4 I had to make the world real again myself.
5 I had to feel emotions to reconnect with the world.

It was point five that brought me out of chronic DP DR, I'd feel physical objects running my hands down walls feeling how solid they were, imagined sex and masturbated a lot, took risks and more risks forcing myself to feel fear associated with the solid world, I partied and socialised. Killed any shyness if i was dead already I had nothing to fear. Forced myself to have sexual feelings, love, sadness, how to cry, tried to feel the emotions of powerful films, let out my anger when I felt it, got in a relationship had sex more, argued when I wanted to, let it all out.

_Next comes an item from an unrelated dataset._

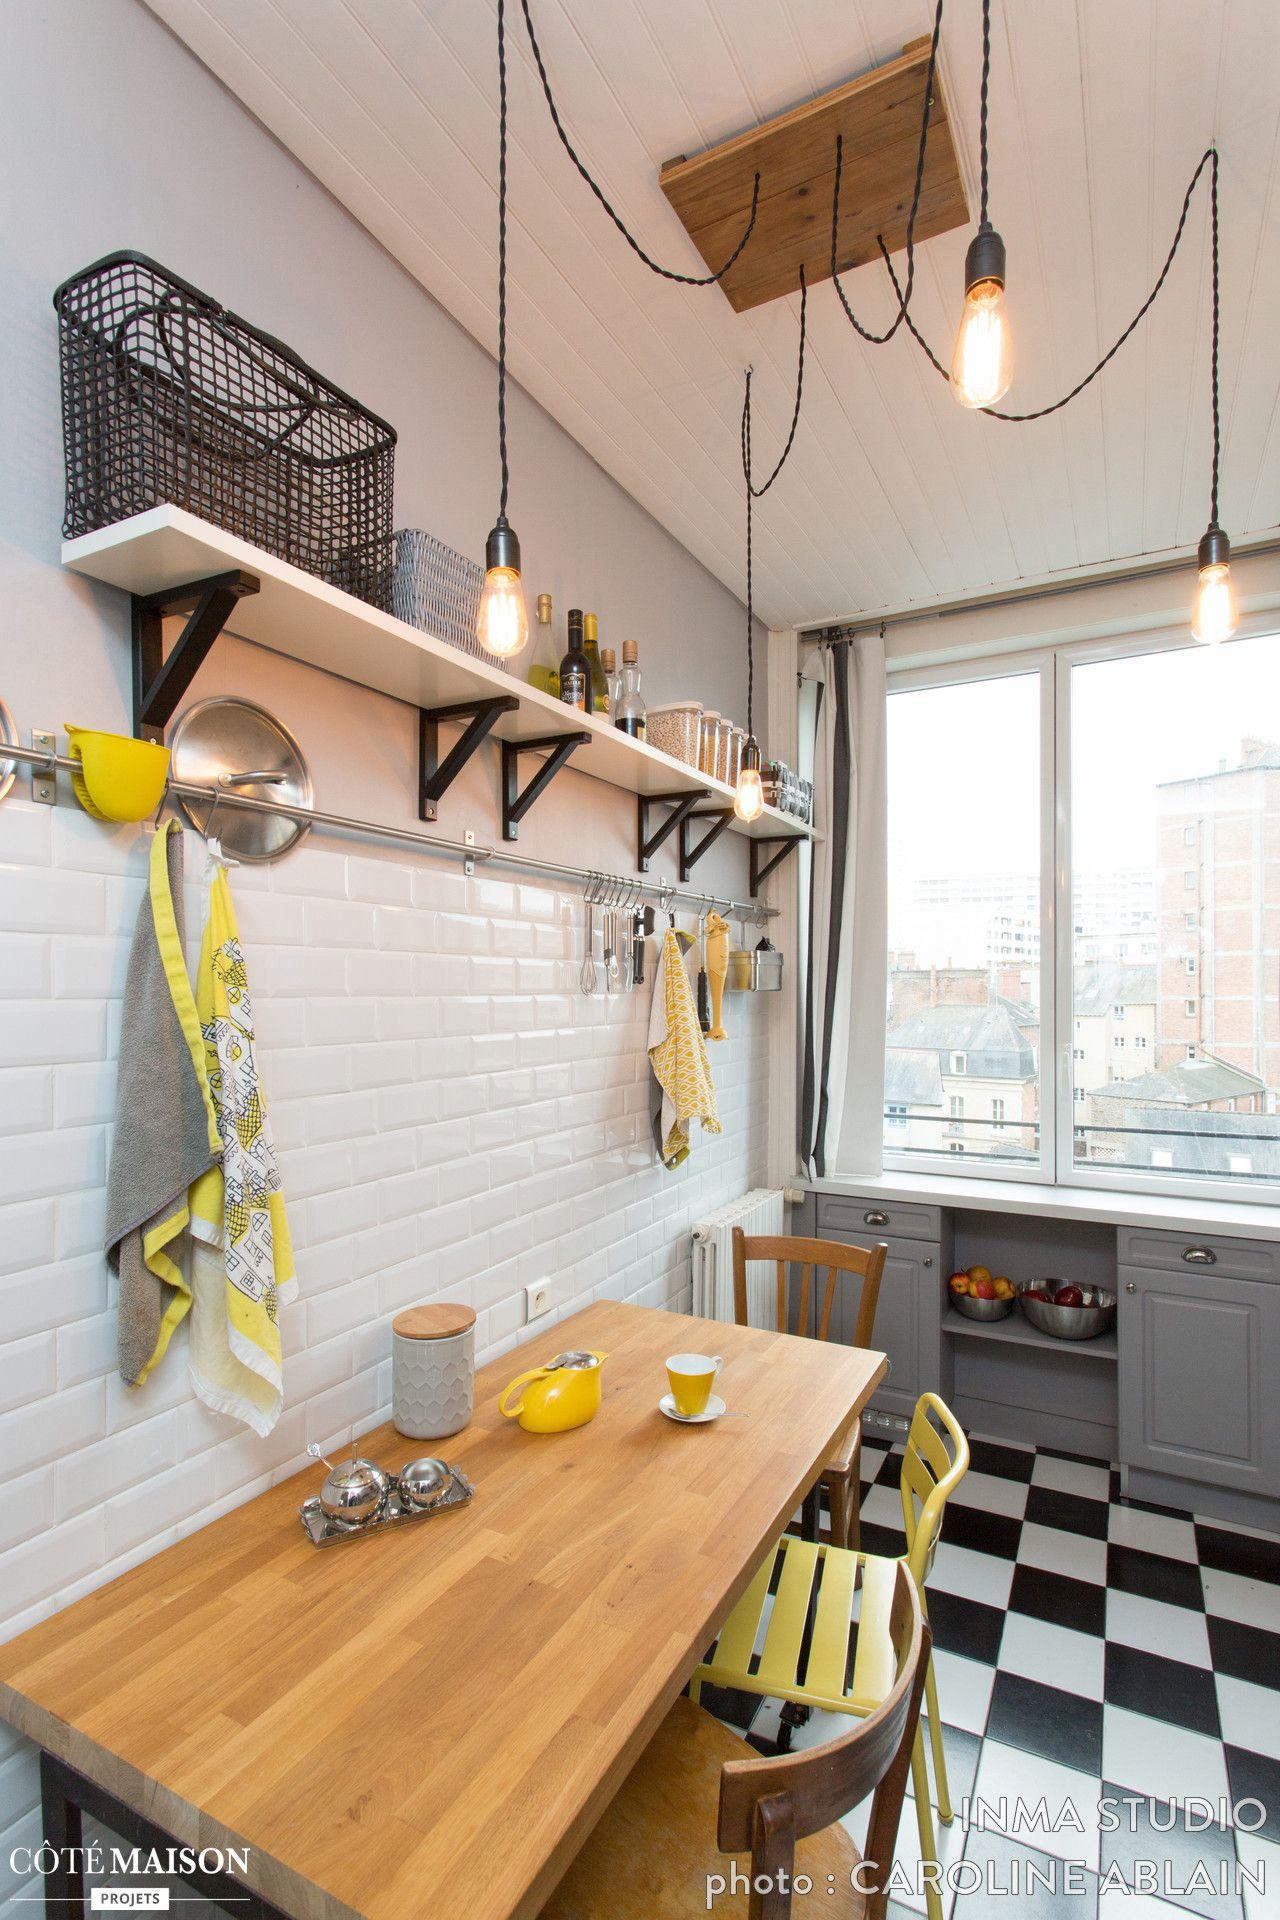 Home Relooking D Un Appart De 120 M2 A Rennes Inma Studio Cote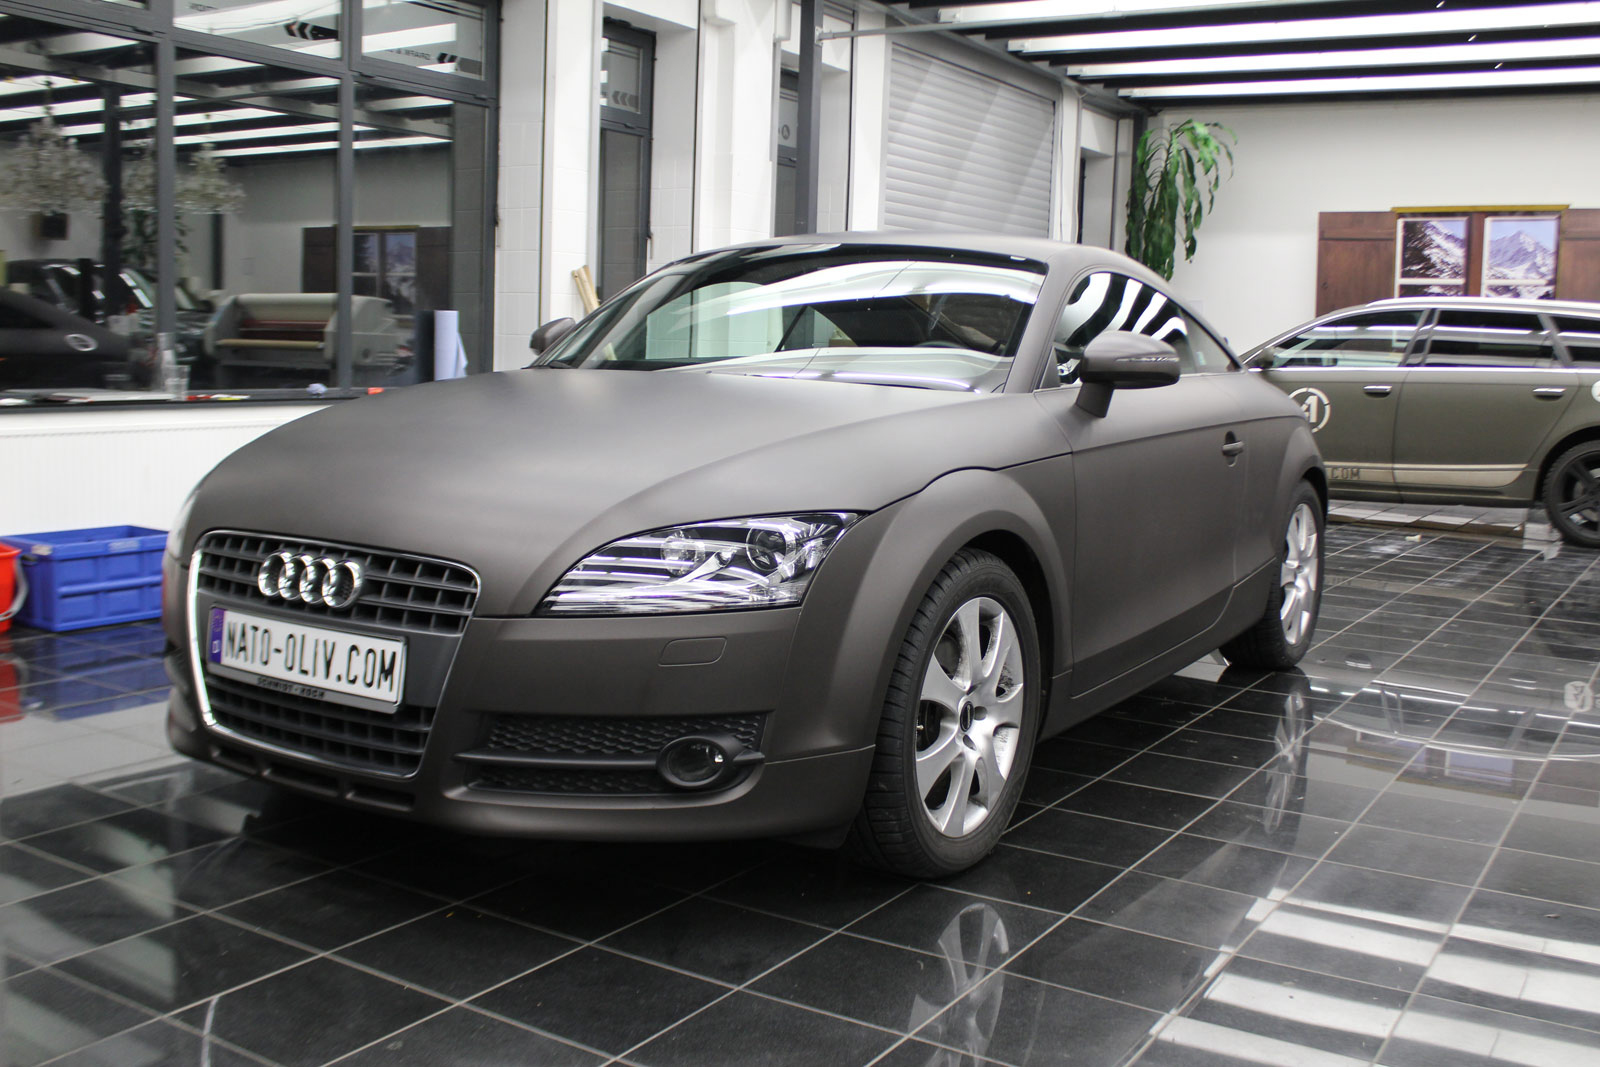 Audi_TT_Braun_Matt_Metallic_Branding_04

Within three months I had totally come out of DP DR. Although deep in the back of my mind once I'd recovered I was very afraid it would happen again, more afraid of this than anything.

In my mid twenties, this fear led to me developing an anxiety disorder...this really was separate from DP DR REALLY. I was some small bouts of DP/DR lasting seconds this scared the shit out of me and the anxiety built. This was a bastard to beat!

Anyway long thread and don't want to bore you all. But if anyone needs any advice info, or just want to hear the rest feel free to ask.

This is the first time I have talked in depth about this.

JJ


----------



## el_kapitano (Aug 21, 2010)

I'm glad that you're better now.


----------



## zath (Nov 1, 2010)

JJ70 said:


> Hi all, my first post. I thought I'd share my story hope it helps.
> 
> I developed chronic DP and DR when I was 17 (I'm now 40). This happened instantly, I was lying in bed meditating and snap the world changed. I thought it was a sign from God or something and this was the way the world really was, but it was scary, I forced myself to go back to sleep hoping it would go away in the morning...It didn't.
> 
> ...


----------



## zath (Nov 1, 2010)

thans JJ
we need to know more
what exactly u did to get out of that shit


----------



## JJ70 (Nov 1, 2010)

> 1 I was real
> 2 I was mentally Ill
> 3 I wasn't going to get any medical help.
> 4 I had to make the world real again myself.
> ...


Thats 100% what got me out of the Chronic DR and DP, realising points 1-5 and doing the rest.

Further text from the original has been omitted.